The more I think about the disjunction between what I wanted to hear Hughes say and think about Paris and what he actually did say and think about it—which is basically to say the difference between who I expected him to be and who he is—the more I'm struck by an uncomfortable thought:

Despite my distaste for guns—to say nothing of all religious faith, redneck chic, Donald Trump, George W. Bush, and above all Ronald fucking Reagan (I like Eagles of Death Metal though, and, you know, who doesn't enjoy a little speed now and then?)—and despite my certainty that increased gun control is long overdue in America, I also can't really find a means to dispute the case Hughes asserts in his TV interview.

Though stringent gun control may have made it somewhat more difficult for the forces of the so-called Islamic State (a term that insults both Islam and statehood) to obtain the firearms and hand grenades they used to kill 89 people at the Bataclan, it clearly didn't prevent them from doing so. (To be fair, I also don't believe the presence of a handgun or two in the Parisian audience that night would have made any major difference.)

This is not to say I draw the same conclusion that Hughes does, only to say that his experience makes it harder to laugh off or otherwise dismiss the need he feels to remain armed. A lot of what we laughingly call the debate over gun control is 100% theoretical on both sides. Hughes's position is grounded in grisly experience, and that matters.

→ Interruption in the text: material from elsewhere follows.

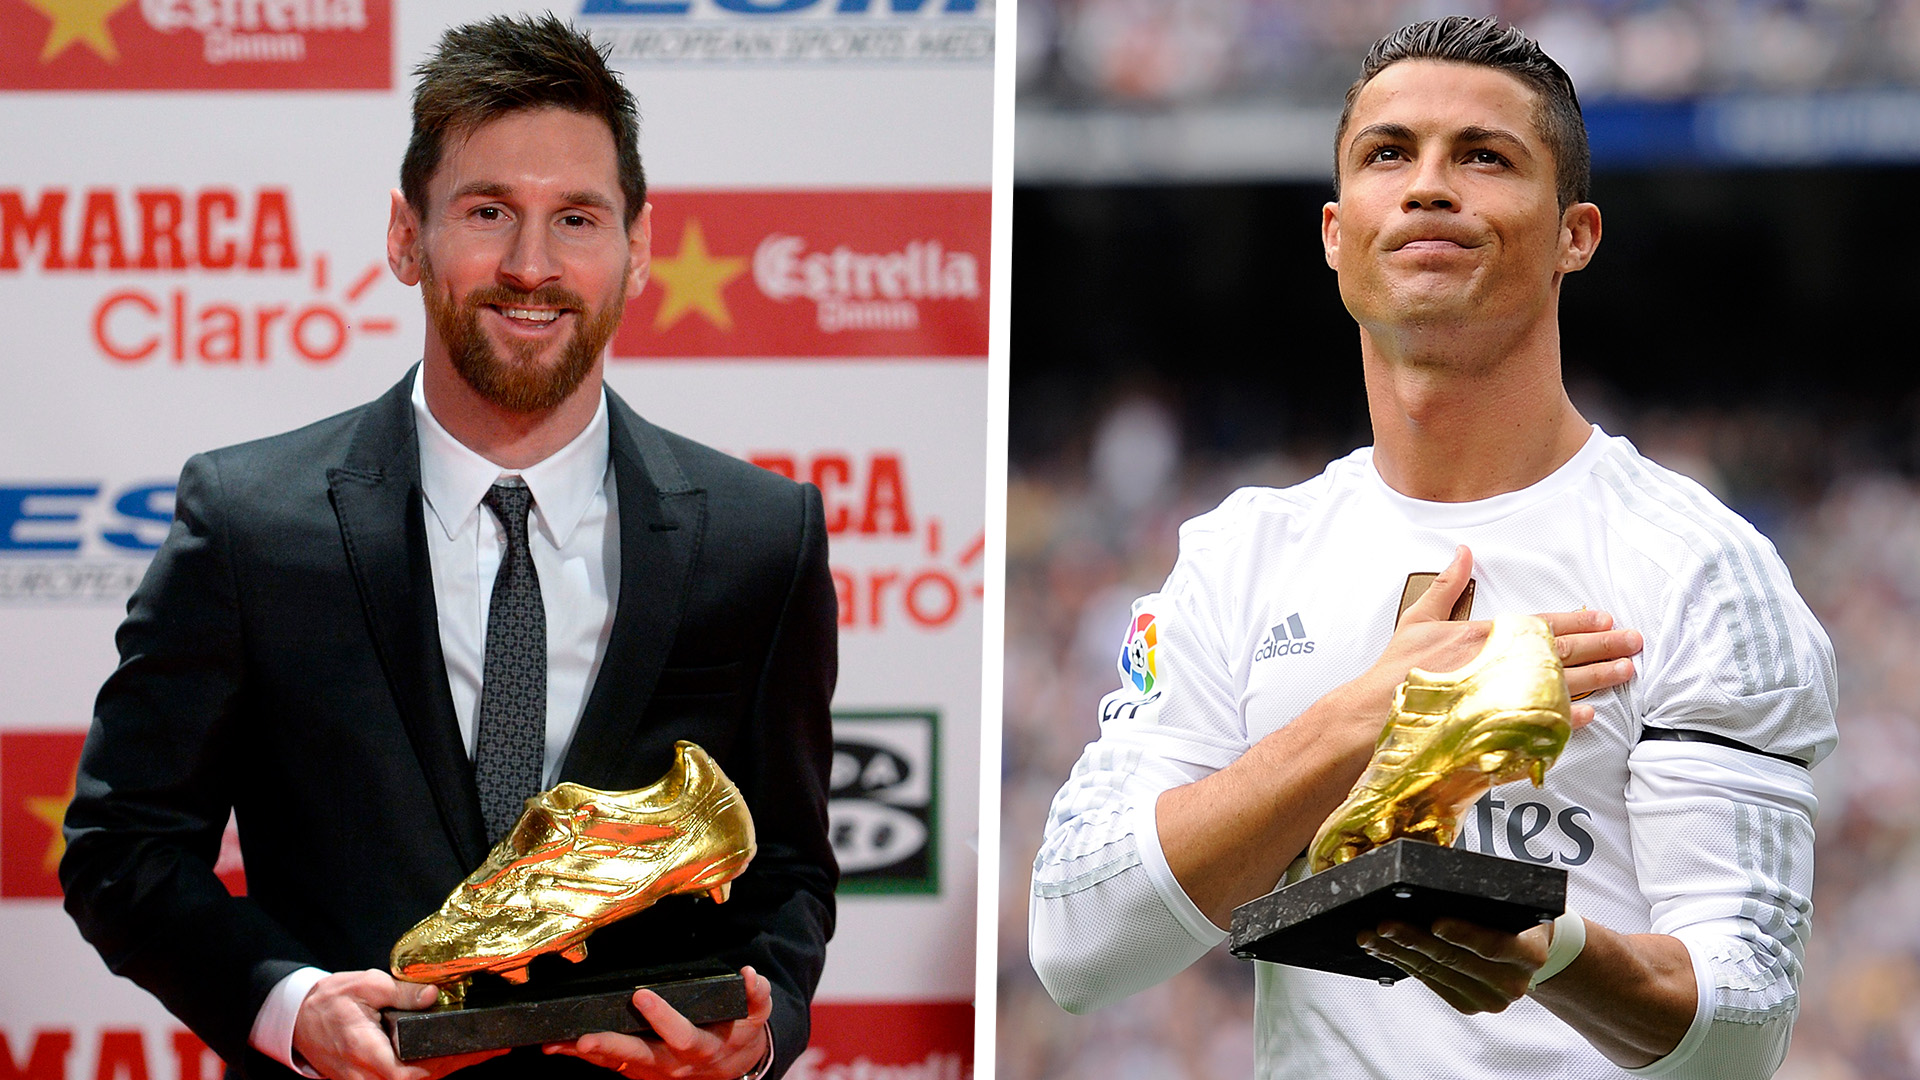 world cup UEFA Champions League Premier League golden boot trophy socce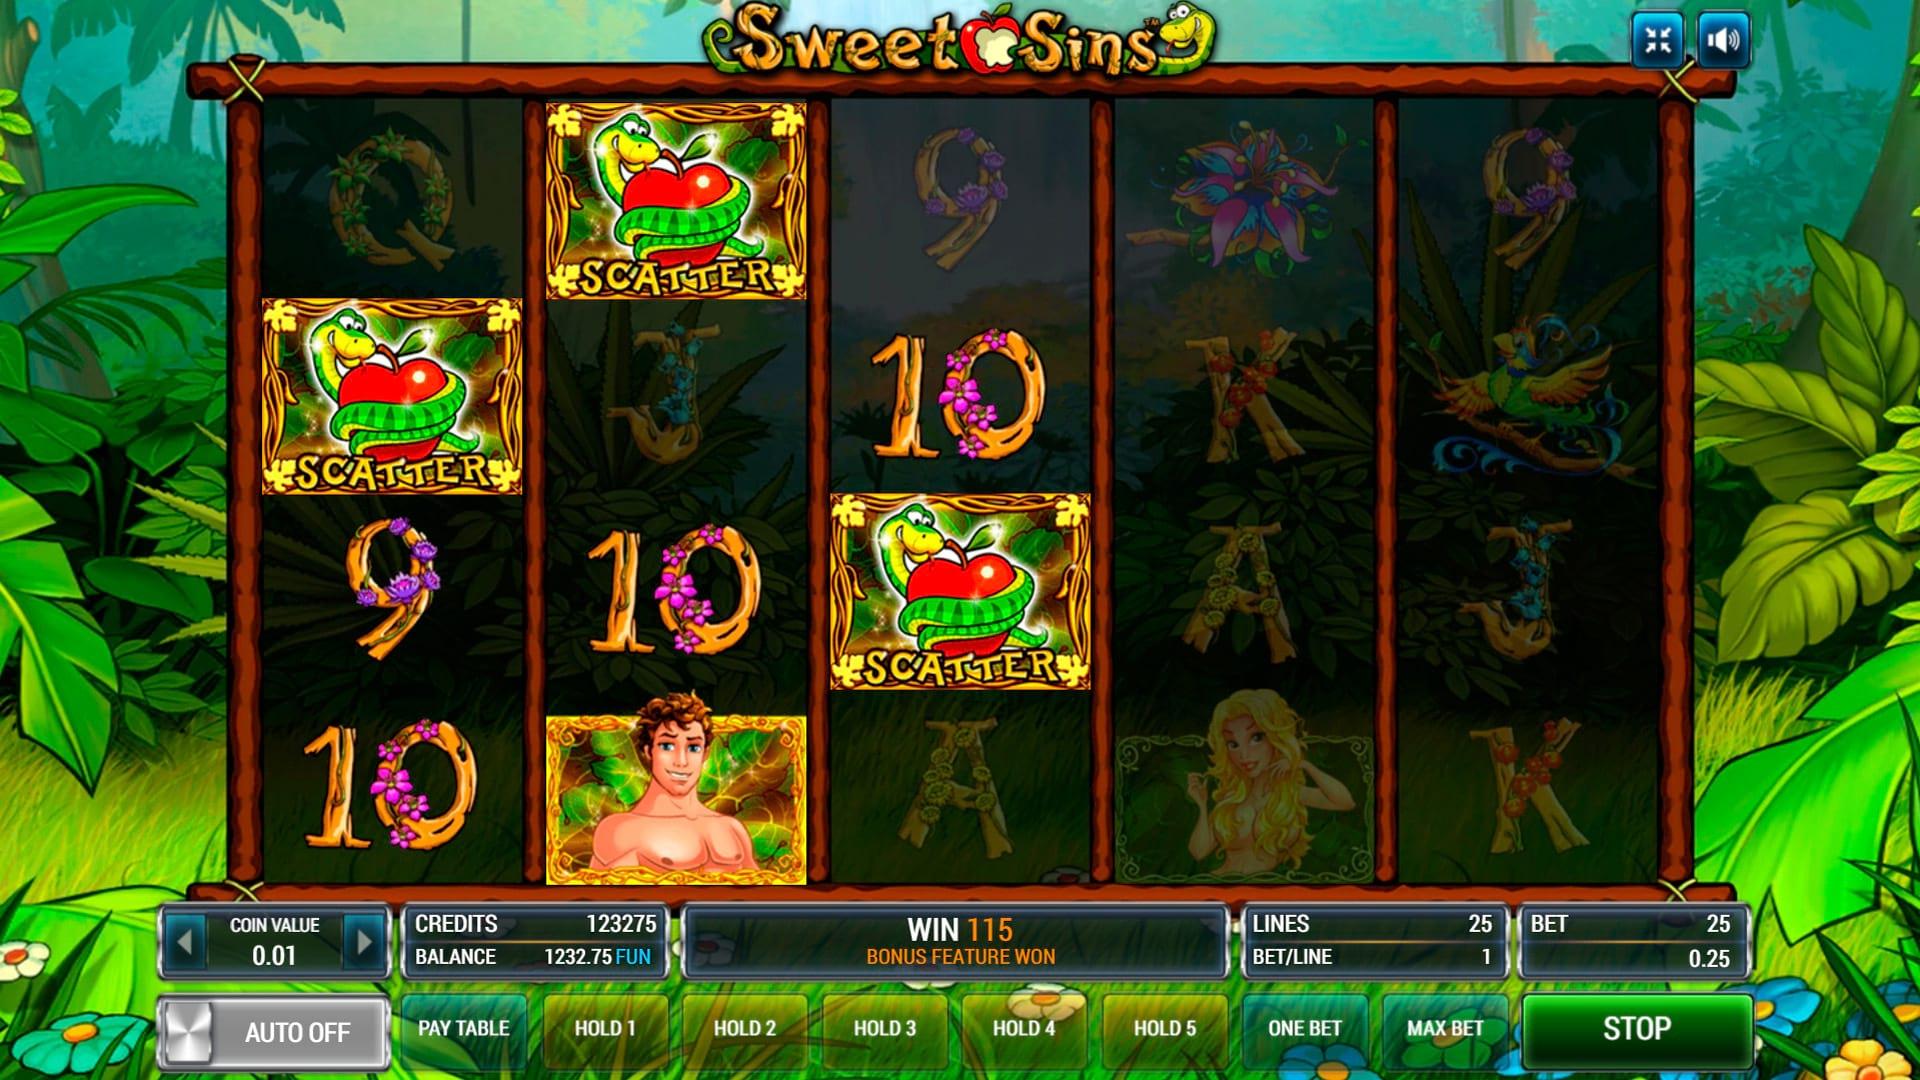 Изображение игрового автомата Sweet Sins 2

Since I first heard about the massacre, I haven't gone more than a few days without imagining what it must have been like to be on that stage when the shots started to ring out. I can't imagine it, but I can't help imagining it, and the result is that in my own could-anything-matter-less way, I respectfully defer to Jesse Hughes's response.

I get why he thinks everyone should have guns. I disagree, but I get it.

The accounts I've heard from friends and family who've traveled to Paris in the past three months—check out the end of Shana Cleveland's fantastic piece here—make it sound like a military junta has occupied the city. They also say that French people don't seem to mind very much, presumably because French people prefer a domestic police state to the alternative for reasons that should be obvious.

Does this obviate the need for the French to get real about their fathomless cultural bigotry or reflective about the consequences of their government's colonial/imperial actions in Africa and Asia? No.

Does it not fly in the face of liberté, égalité, AND fraternité? Mais, si! Bien sûr! All powerful nations have disgraceful histories.

But it's not hard to understand why it might make some of them feel better. For a while.